▶ _Work instructions_:
Take the material below and output exactly the run of lines from the one containing "Large billboard with" down to the one containing "Fact - How Can You Keep Toy Clutter at Bay?", with both included.

▶ _Task inputs_:
"""

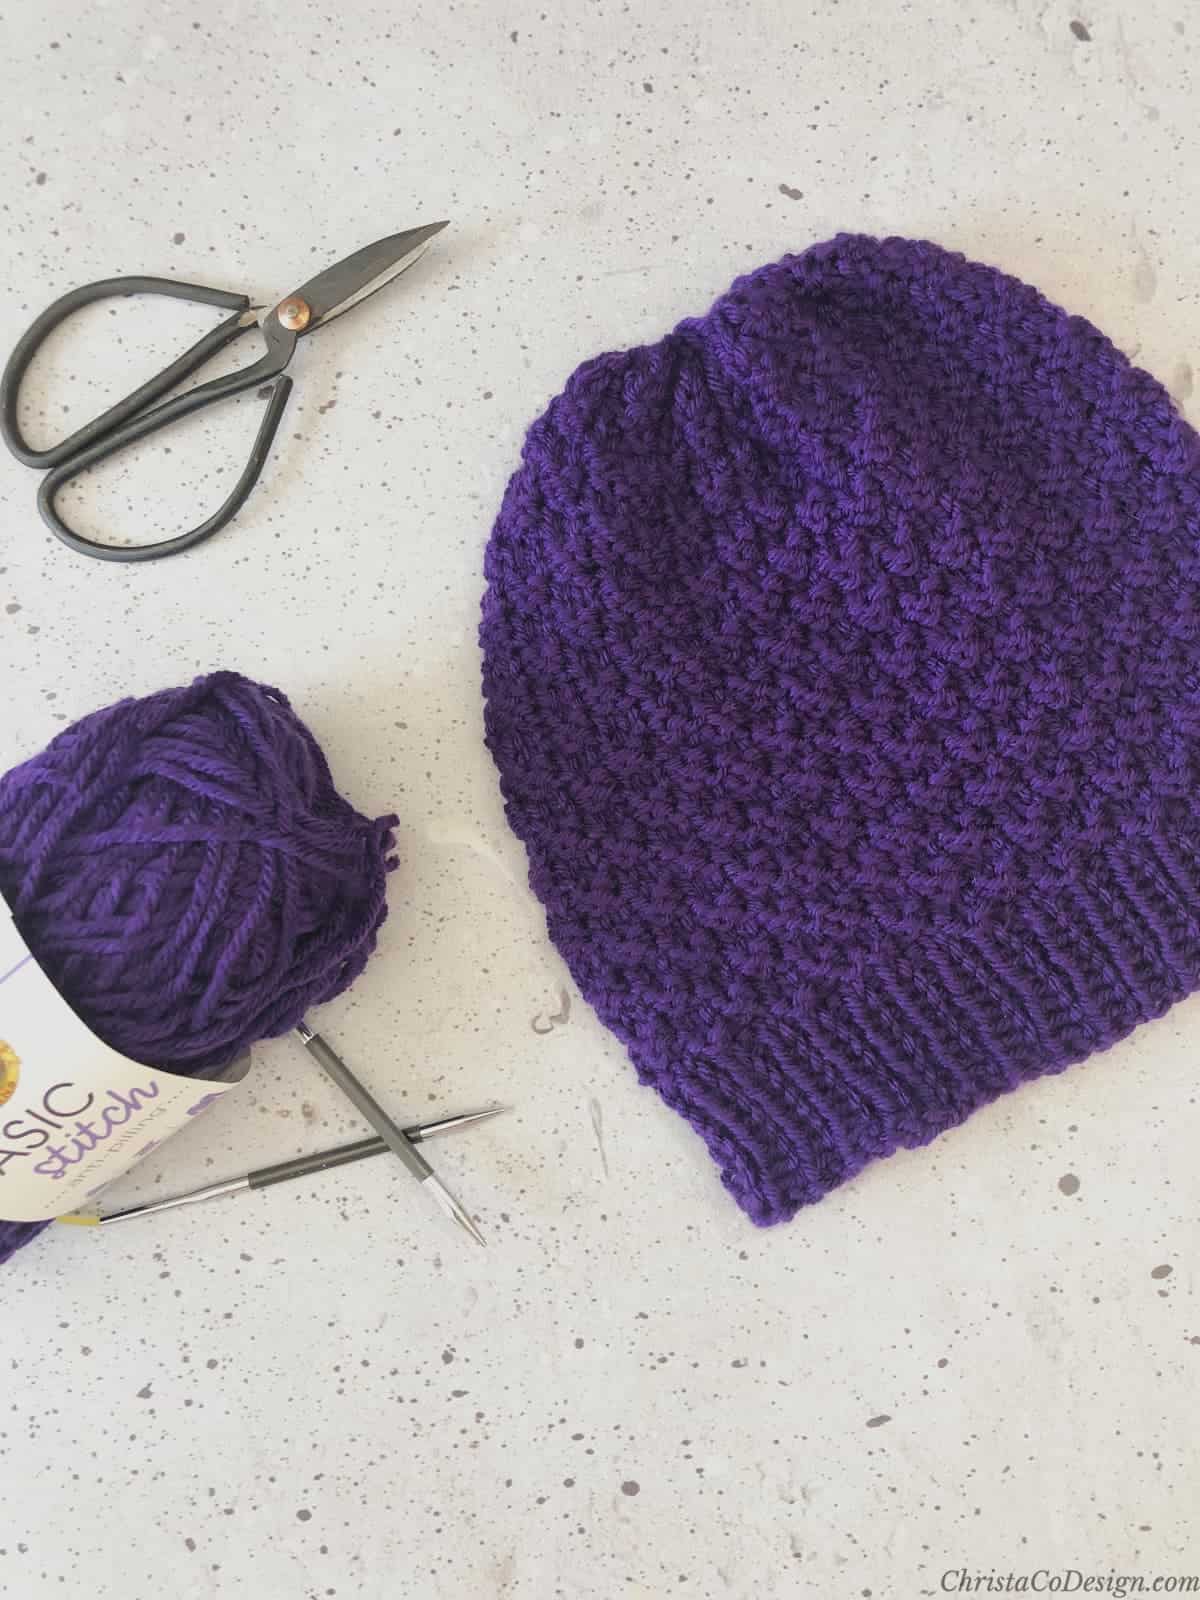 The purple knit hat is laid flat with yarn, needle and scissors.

"""
"""

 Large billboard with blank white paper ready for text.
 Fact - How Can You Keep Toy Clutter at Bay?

"""

▶ _Solution for this problem_:
 Large billboard with blank white paper ready for text.
 Fact - How Can You Keep Toy Clutter at Bay?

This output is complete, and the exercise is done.